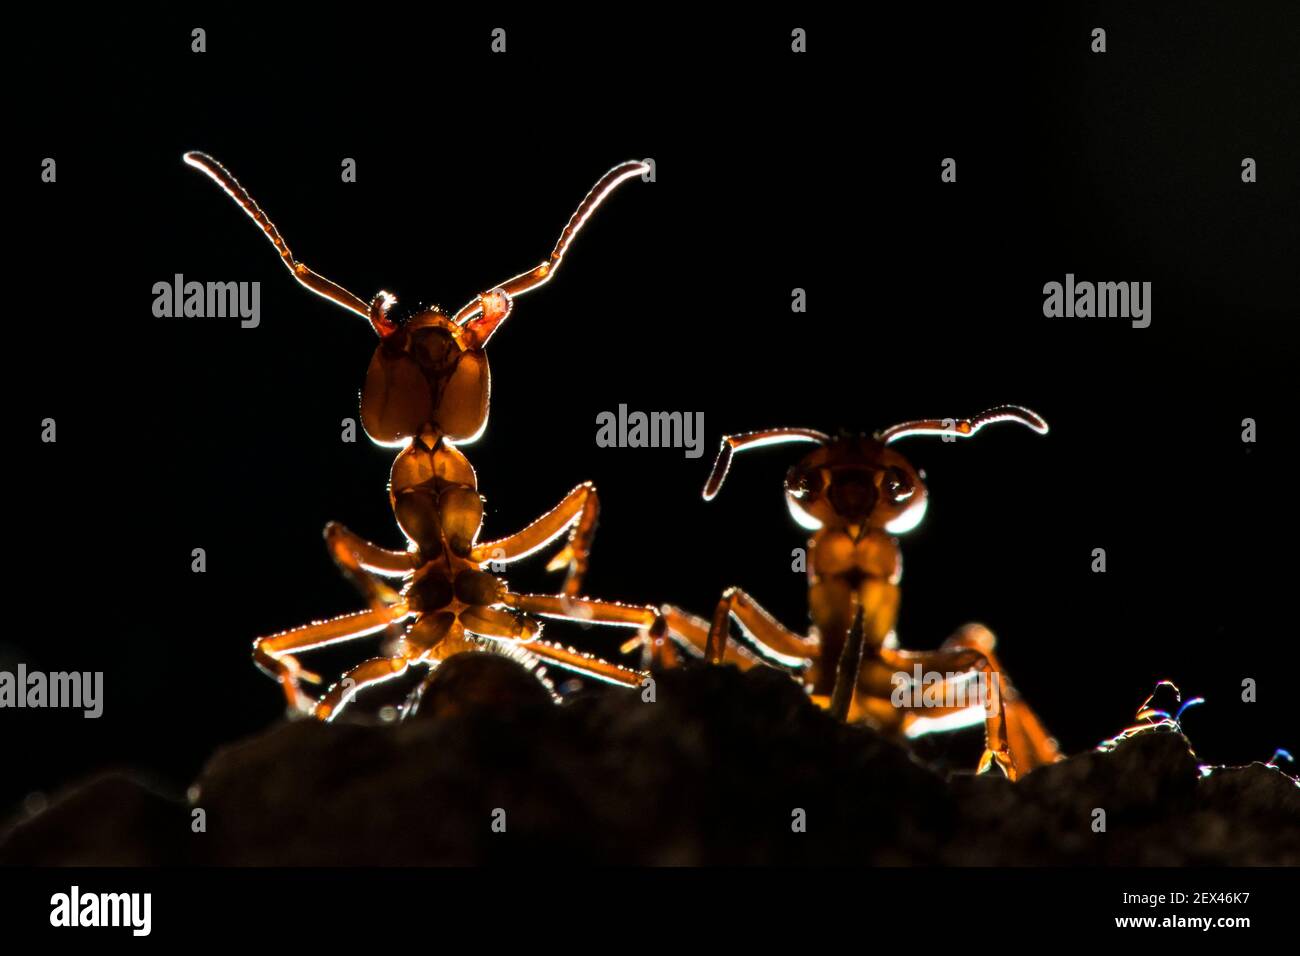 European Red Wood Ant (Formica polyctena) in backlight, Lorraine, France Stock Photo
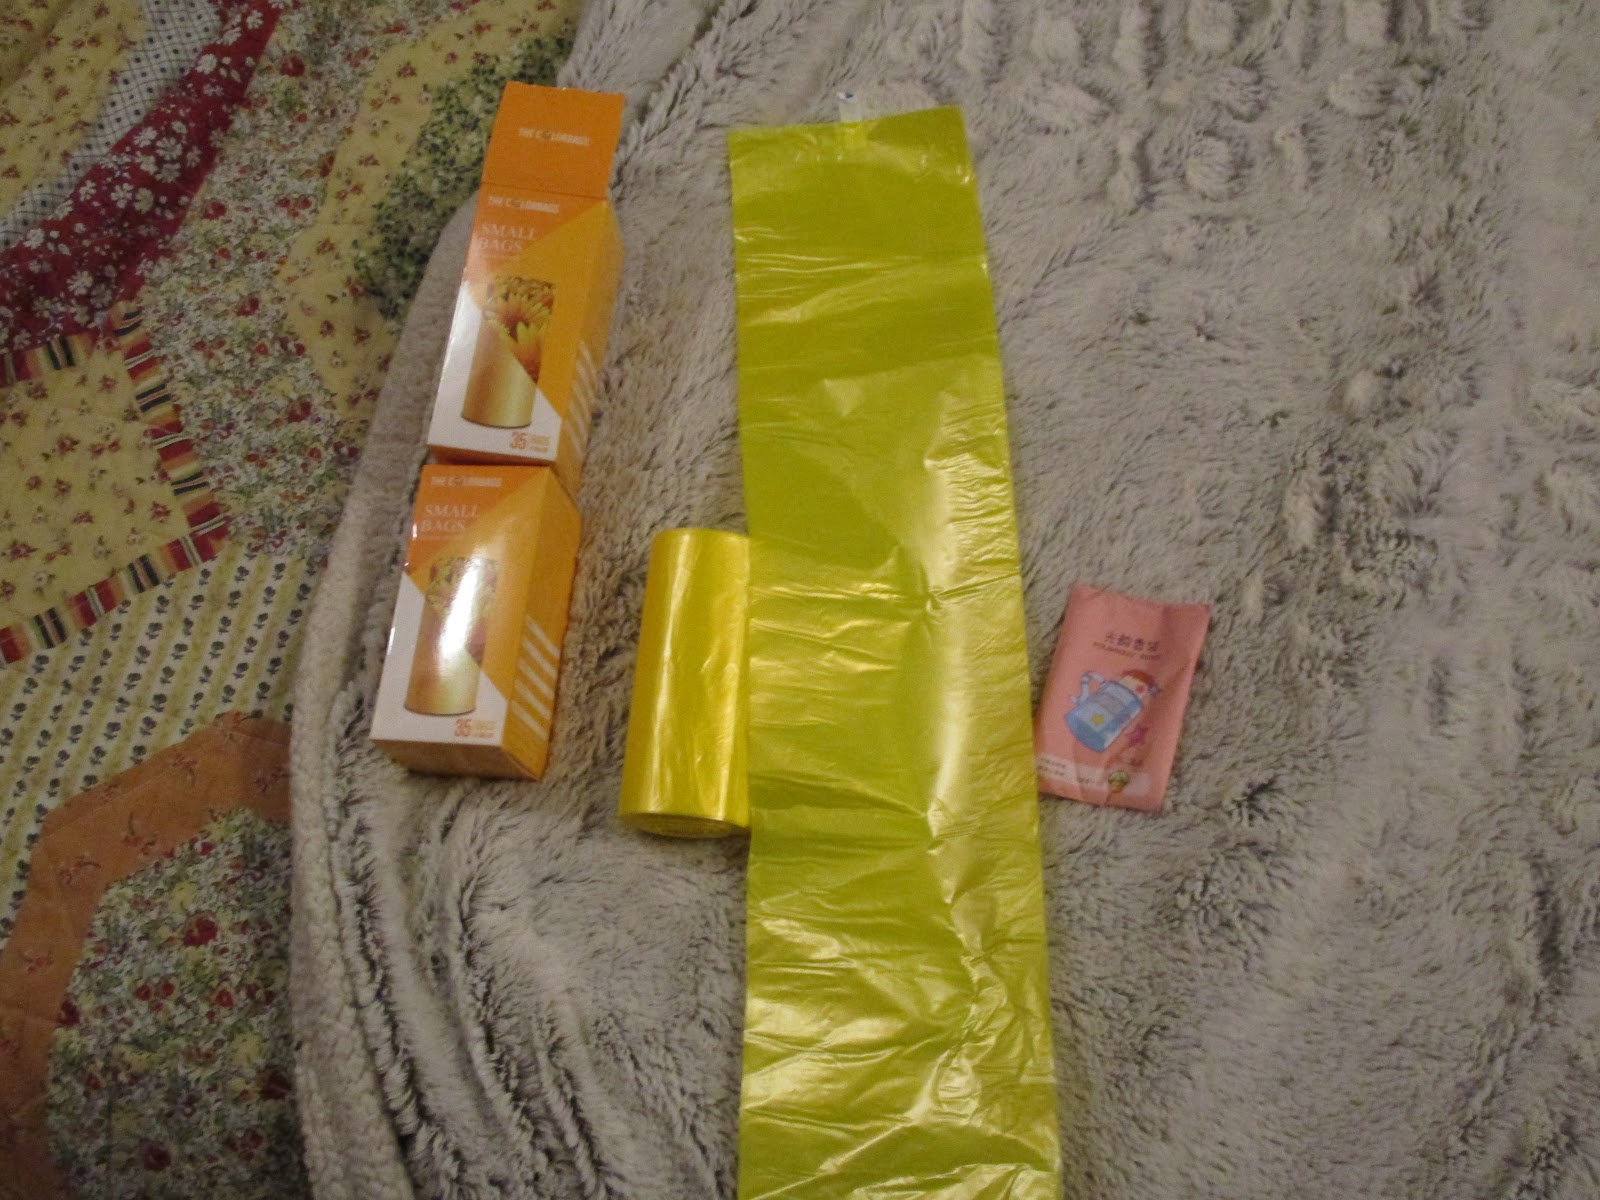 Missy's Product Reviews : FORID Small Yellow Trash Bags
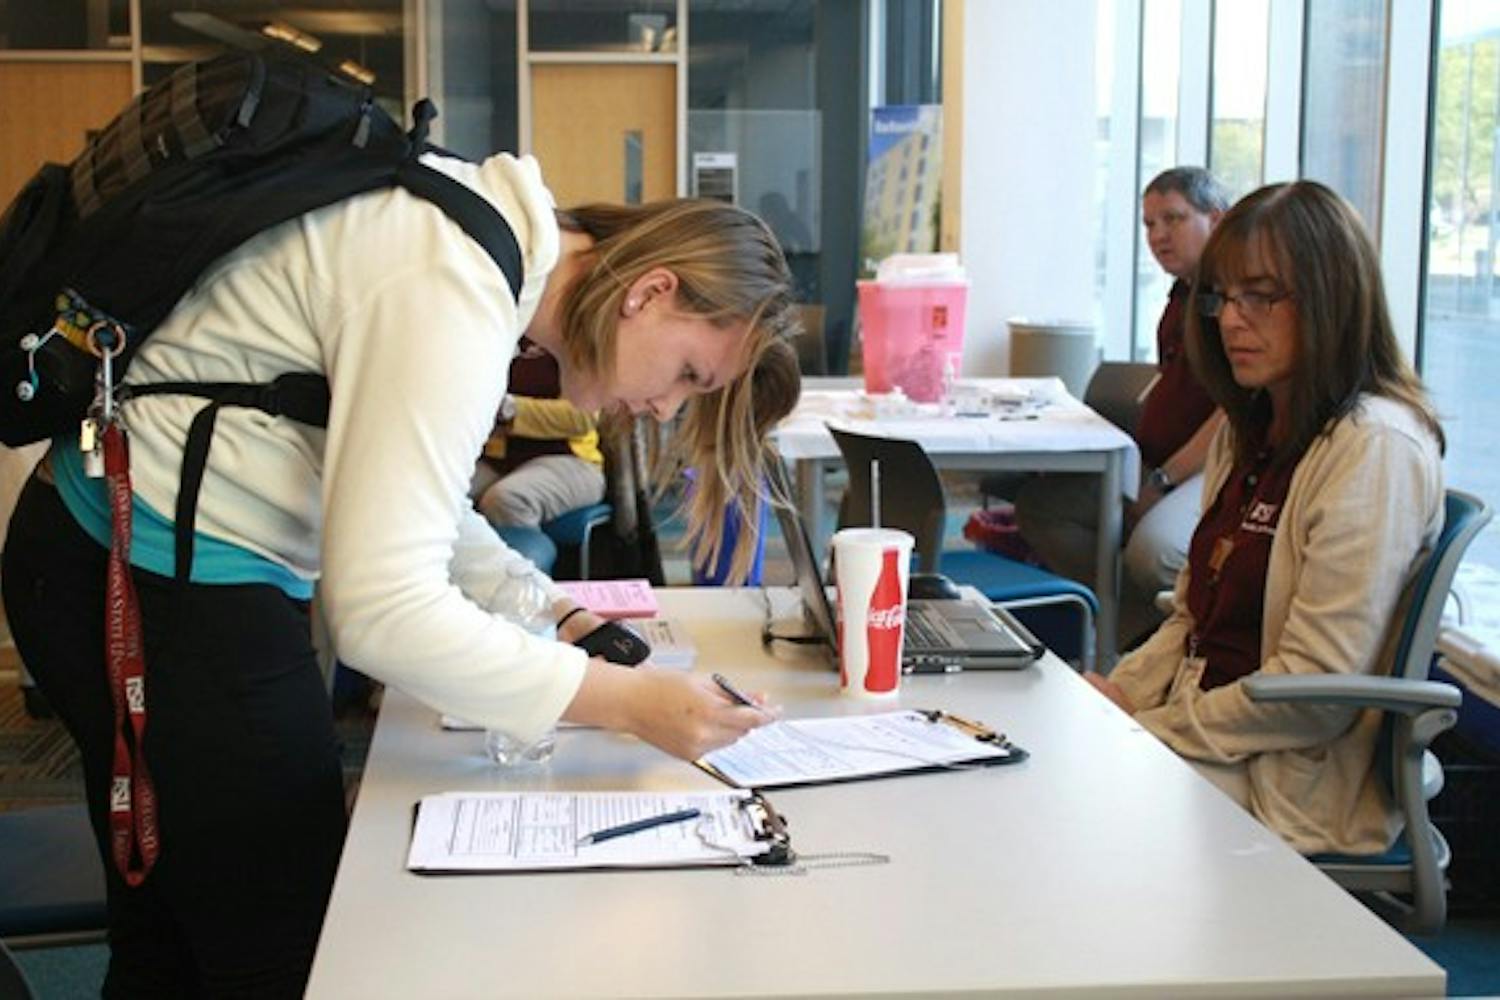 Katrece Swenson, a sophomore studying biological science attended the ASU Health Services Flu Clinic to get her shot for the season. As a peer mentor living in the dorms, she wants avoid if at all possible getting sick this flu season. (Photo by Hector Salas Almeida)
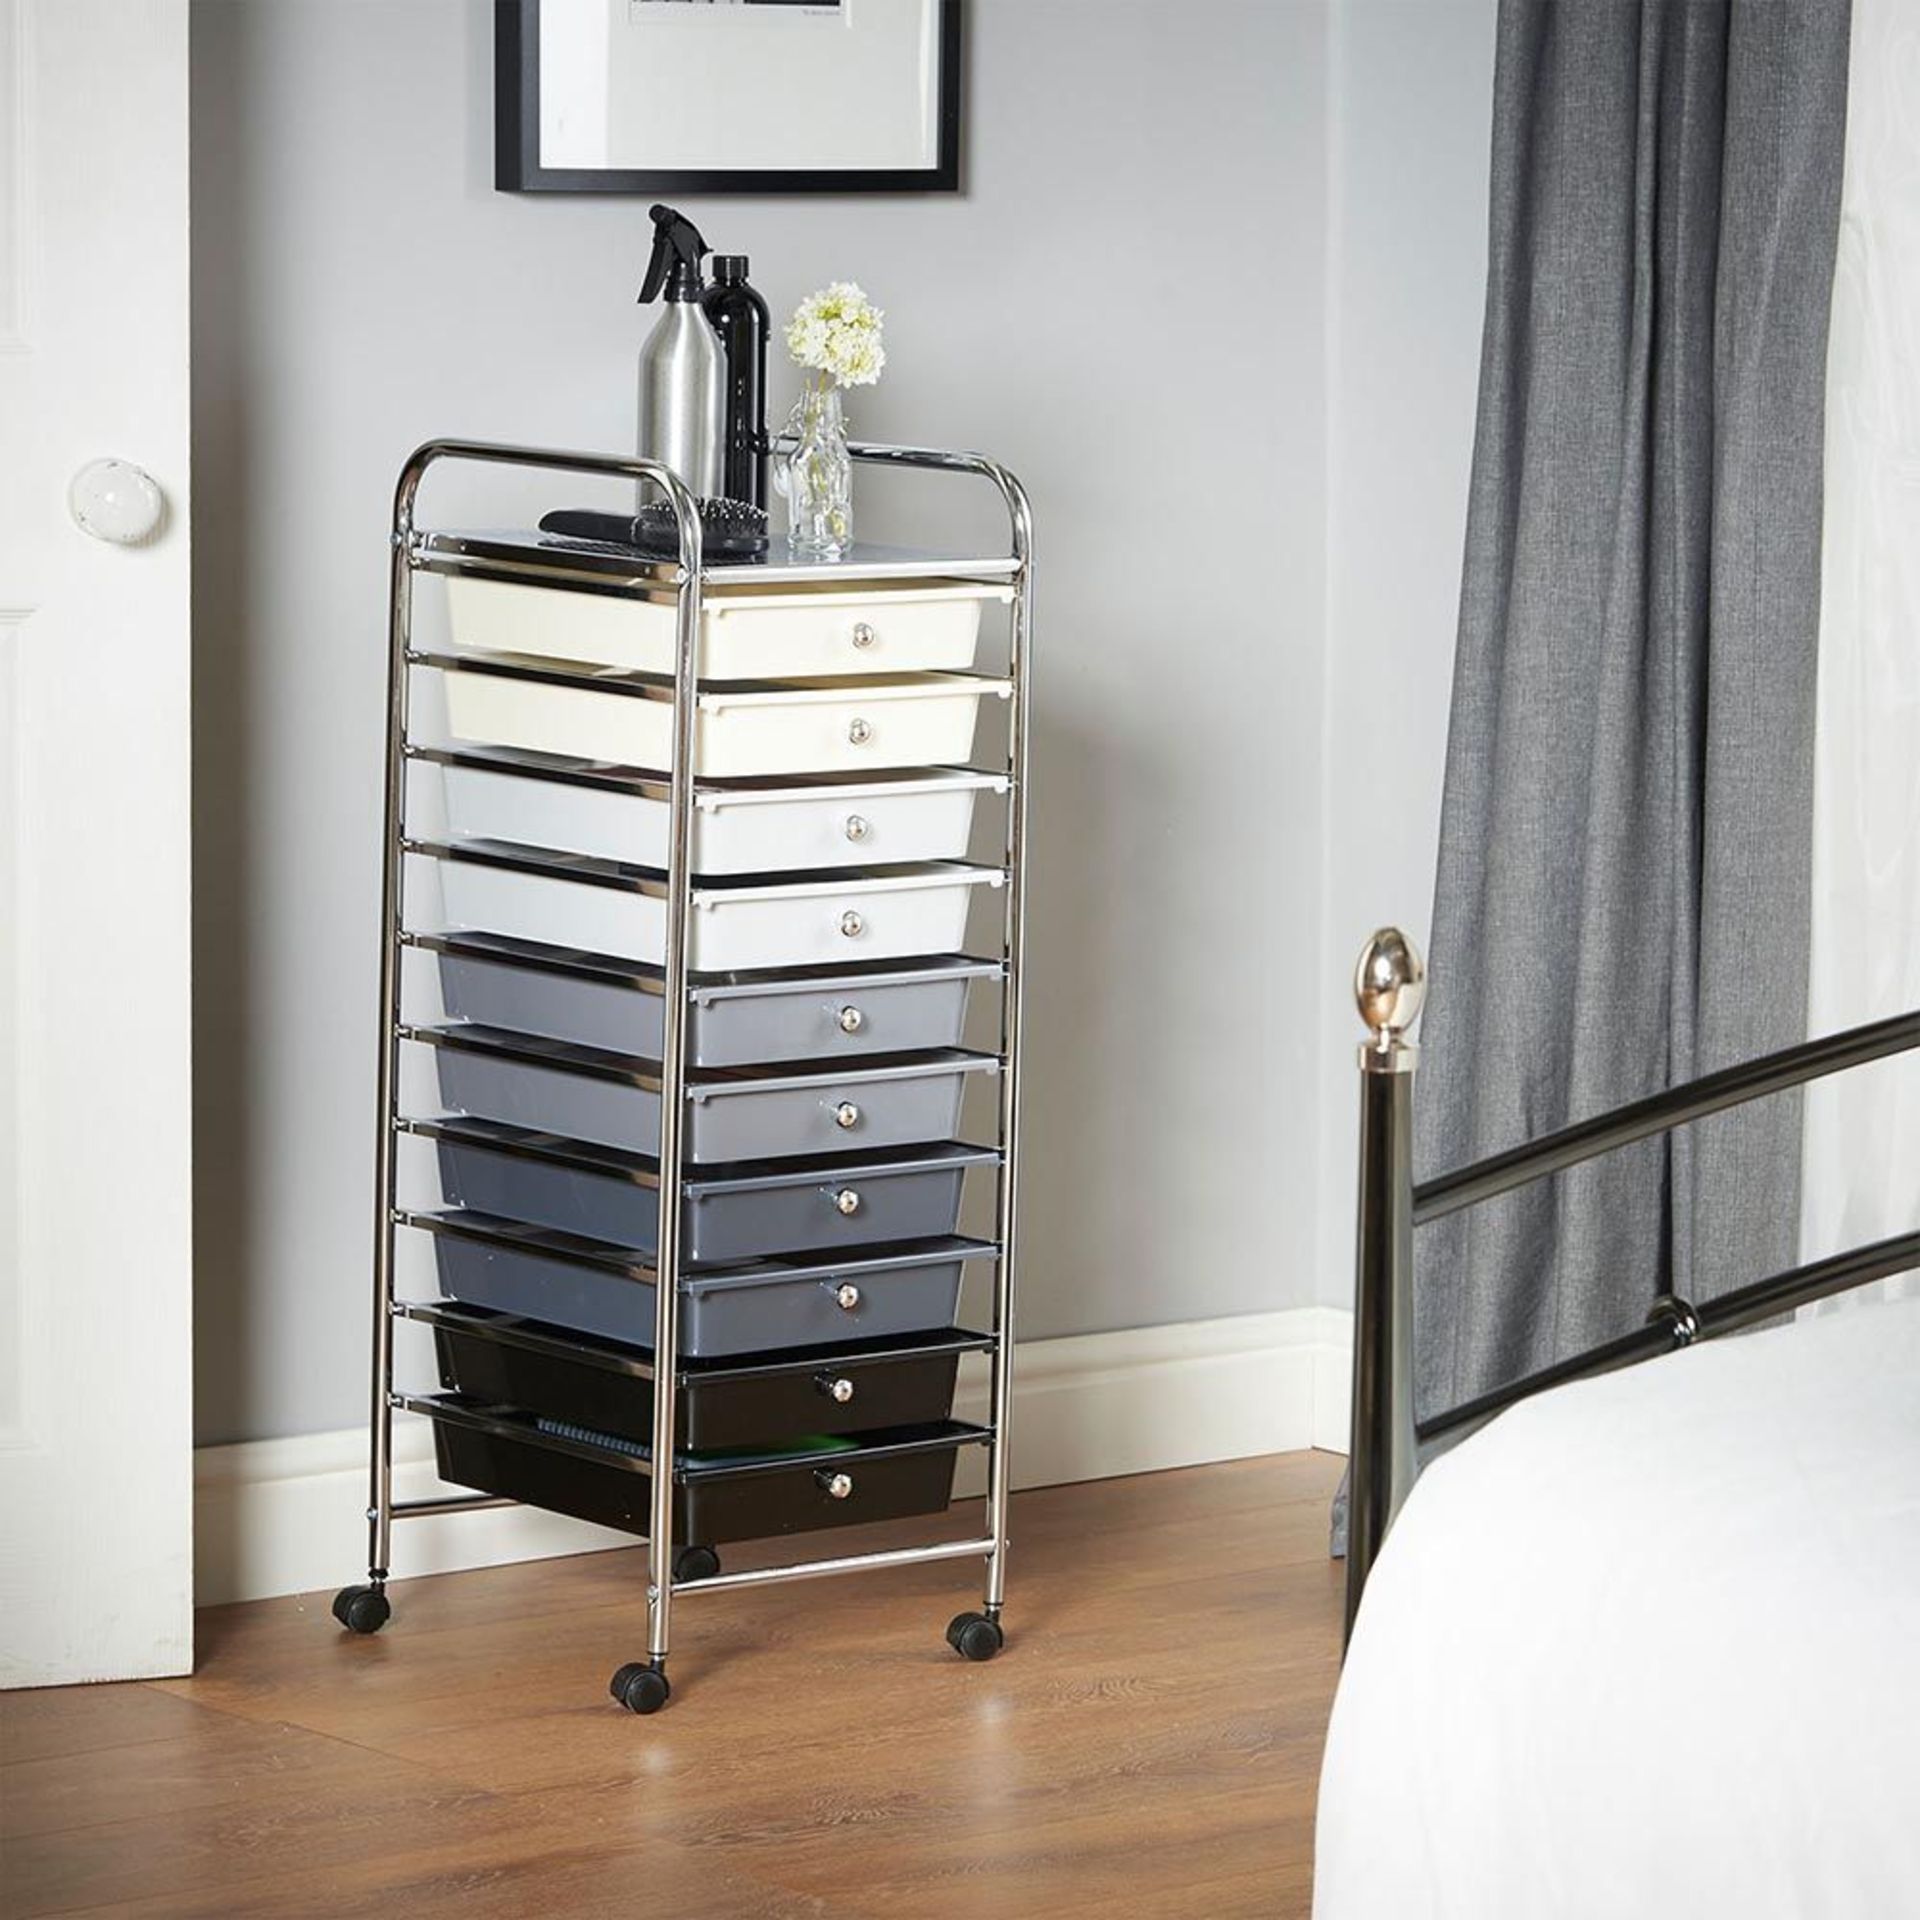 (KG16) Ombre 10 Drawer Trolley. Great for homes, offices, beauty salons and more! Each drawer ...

════

→ WHAT THIS TASK INVOLVES:
Copy out every line above, word for word, minus images.

→ SOLUTION TO THIS EXERCISE:
 European Red Wood Ant (Formica polyctena) in backlight, Lorraine, France Stock Photo
 Missy's Product Reviews : FORID Small Yellow Trash Bags
 Katrece Swenson, a sophomore studying biological science attended the ASU Health Services Flu Clinic to get her shot for the season. As a peer mentor living in the dorms, she wants avoid if at all possible getting sick this flu season. (Photo by Hector Salas Almeida)
 (KG16) Ombre 10 Drawer Trolley. Great for homes, offices, beauty salons and more! Each drawer ...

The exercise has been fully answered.